Как растить детей в мире, который к тебе повернулся спиной?
Я сангвиник и оптимист. Меня растили с непоколебимой советской уверенностью в светлом будущем.
Во все тяжелые моменты безденежья, болезней, жалкой части от полагавшихся алиментов, развала издательства «Прогресс», кризисов моя мама всегда была совершенно уверена, что вот совсем уже скоро, еще чуть-чуть, и все поменяется.
Конечно, зарплаты в вузах, совсем чуть-чуть, и будут как профессорские во всем мире. Конечно, та собачка на улице выжила, ты что, так и говорят же: «заживет как на собаке». Безвременные смерти молодых — да, но вот тут же нарушил правила дорожного движения, не просто так.
На самом деле, все хорошо.
Потеряв мужа, Наташкиного папу в ее 6 месяцев, я долго и отчаянно билась над тем… как ей рассказывать о том, что этот мир хороший, если он совсем не кажется мне хорошим.
Если любое счастье может просто так разрушиться в считанные секунды. Если нож в спину и полный крах твоего картонного домика может произойти всегда. И что «долго и счастливо» может быть просто несостоявшейся иллюзией.
Я не ждала, когда мне станет лучше. И не хотела, чтобы становилось лучше. Вот если смерть отменят, перемотают пленку назад и будет все как раньше — да, на такое лучше я согласна. А все эти «жизнь продолжается», «надо жить», «ребенок живет, и надо ради нее, поэтому…» — это хороший способ психологической защиты, но… мне он был не нужен.
Могу ли я сказать ей, что мир благ?
И могу ли не сказать?
Ведь как иначе рассказать о том, каким счастьем была всегда она для нас?
И вот твой мир стал черно-белым. Как рассказать ребенку о том, что он цветной?
Что он хотя бы был цветным.
Надо ли рассказывать? Цветной ли он, кстати?
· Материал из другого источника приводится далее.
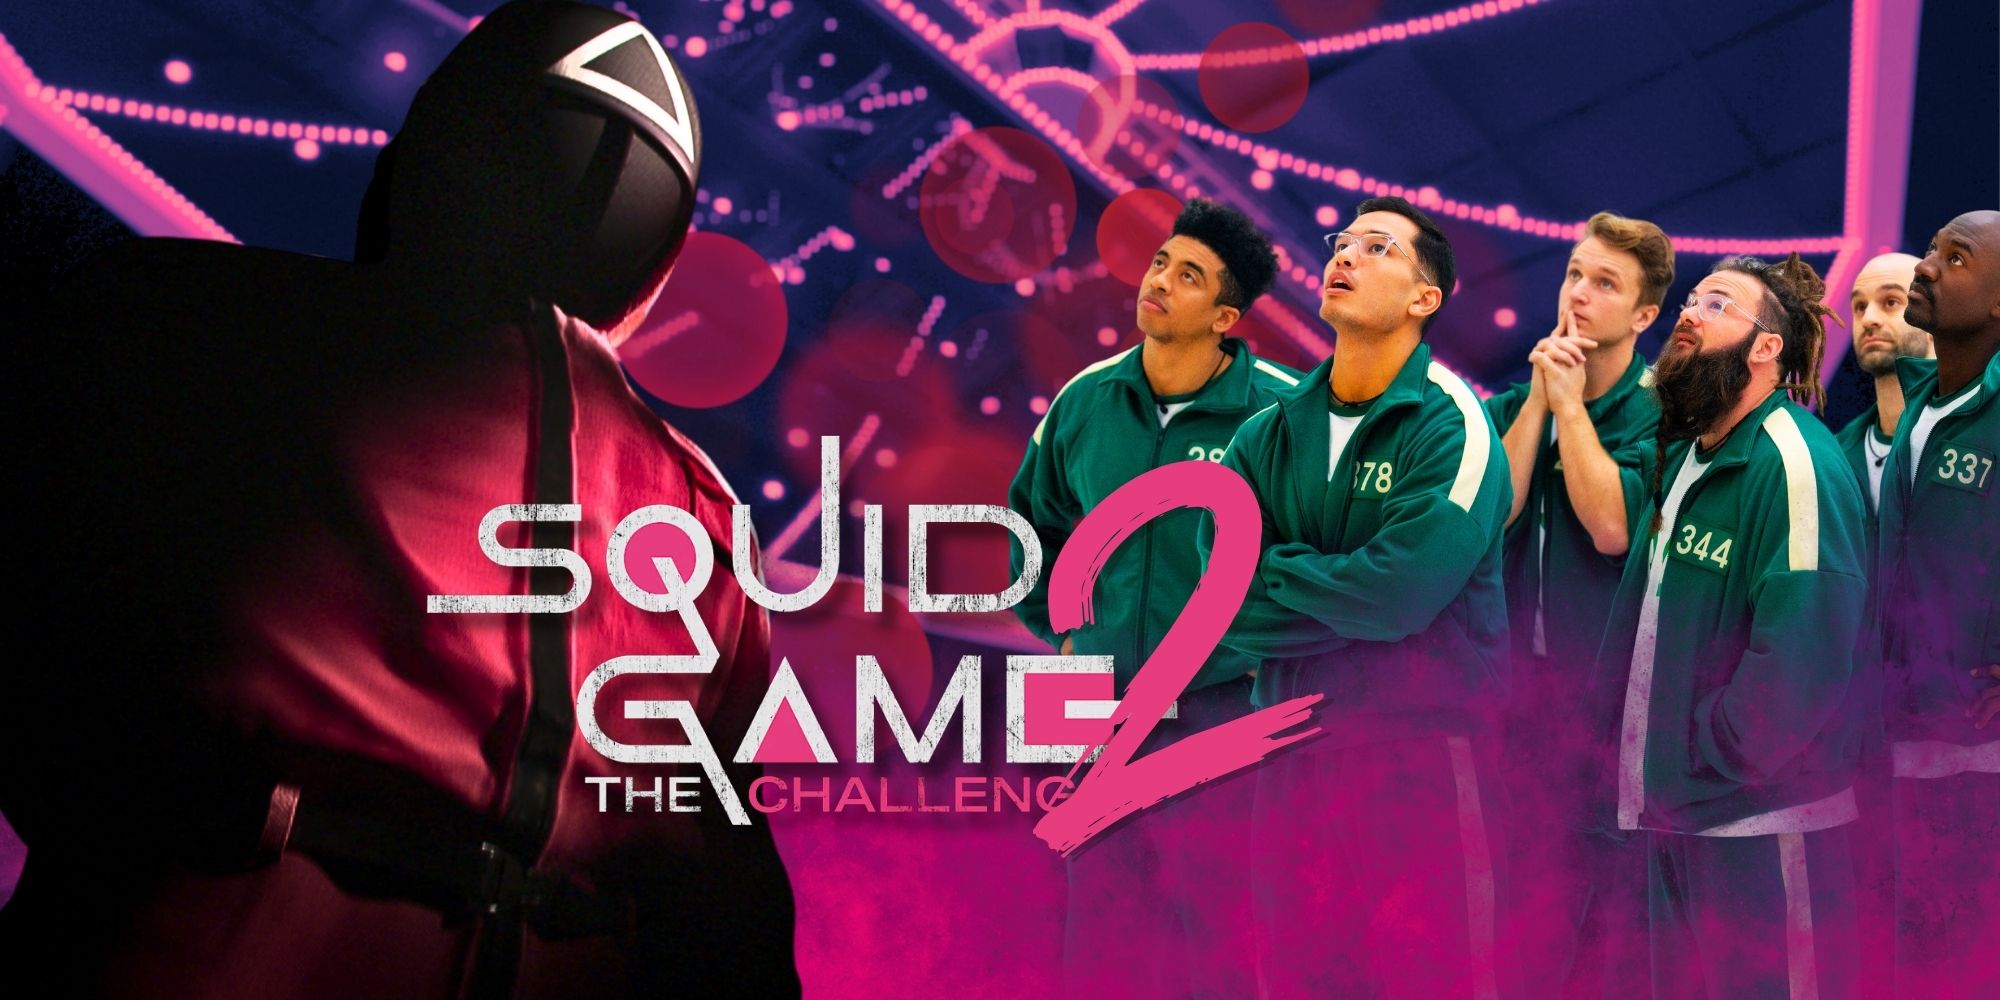 Squid Game: The Challenge Season 2 no debería suceder por esta razón

…Я не скрывала от Наташи горя. Ни в 6 месяцев, ни в год, ни в два. Я плакала при ней и говорила, о чем я плачу. Не очень часто, но это было. И до сих пор иногда мы с ней об этом плачем, уже вместе.
…Однажды я спросила себя: какие воспоминания она напишет о своем детстве?
«Мой папа рано умер, мама потеряла смысл жизни, и с тех пор наша жизнь стала одинокой и черной?» Или: «Мой папа рано умер, мы очень о нем горевали, но мама хорошо растила меня и мы были классные дружные девчонки?»
Это было самое результативное из всего, кстати.
Неважно, что я, важно, как вспомнит она. (Эта фотография мне тогда казалась бессмысленной — какая семейная съемка, семьи же нет давно… Но есть весточка о том, что мы были сильными девочками.)
…Я тут хотела написать, что я делала все, как если бы мой мир был цветным. И иногда только тебе понятно, что ты танцуешь на протезе (метафора), и со стороны кажется, что у тебя все хорошо. А ты одна знаешь, что не очень хорошо.
Но это совсем не про «ну ладно, жизнь продолжается, поехали в аквапарк сегодня».
Не стыдно за боль.
Не стыдно про это говорить.
Не страшно, что подумают.
Я не рассказываю про «все хорошо, прекрасная маркиза». Не скрывать от ребенка сложности жизни. Никаких «делай раз и будет светлое будущее».
Не все выздоравливают.
Не всех спасают.
Не все классно. Да, можно плакать, давай вместе.
Я не рассказываю ничего специально, у меня нет пятиминуток «весь кошмар за сегодняшний день, садись и слушай», но если встретились лицом к лицу — говорим.
Да, я все хотела сделать не так.
Хотела, чтобы у нее был отец, который бы ее правда любил, а не звонил четыре раза в год, как мне. И так и вышло, не знаю, можно ли любить ребенка больше, чем Толик любил Наташу.
А получилось, что если хотя бы просто четыре раза в год звонил — уже было бы неплохо.
Мы не хотели так.
Мы не выбирали так.
И мы говорим об этом.
…Делать то, что он считал важным.
«Правмиру» в этом году 20 лет. 9 лет с Толиком, 11 без него. Так, чтобы не стыдно было нам и не стыдно было бы ему.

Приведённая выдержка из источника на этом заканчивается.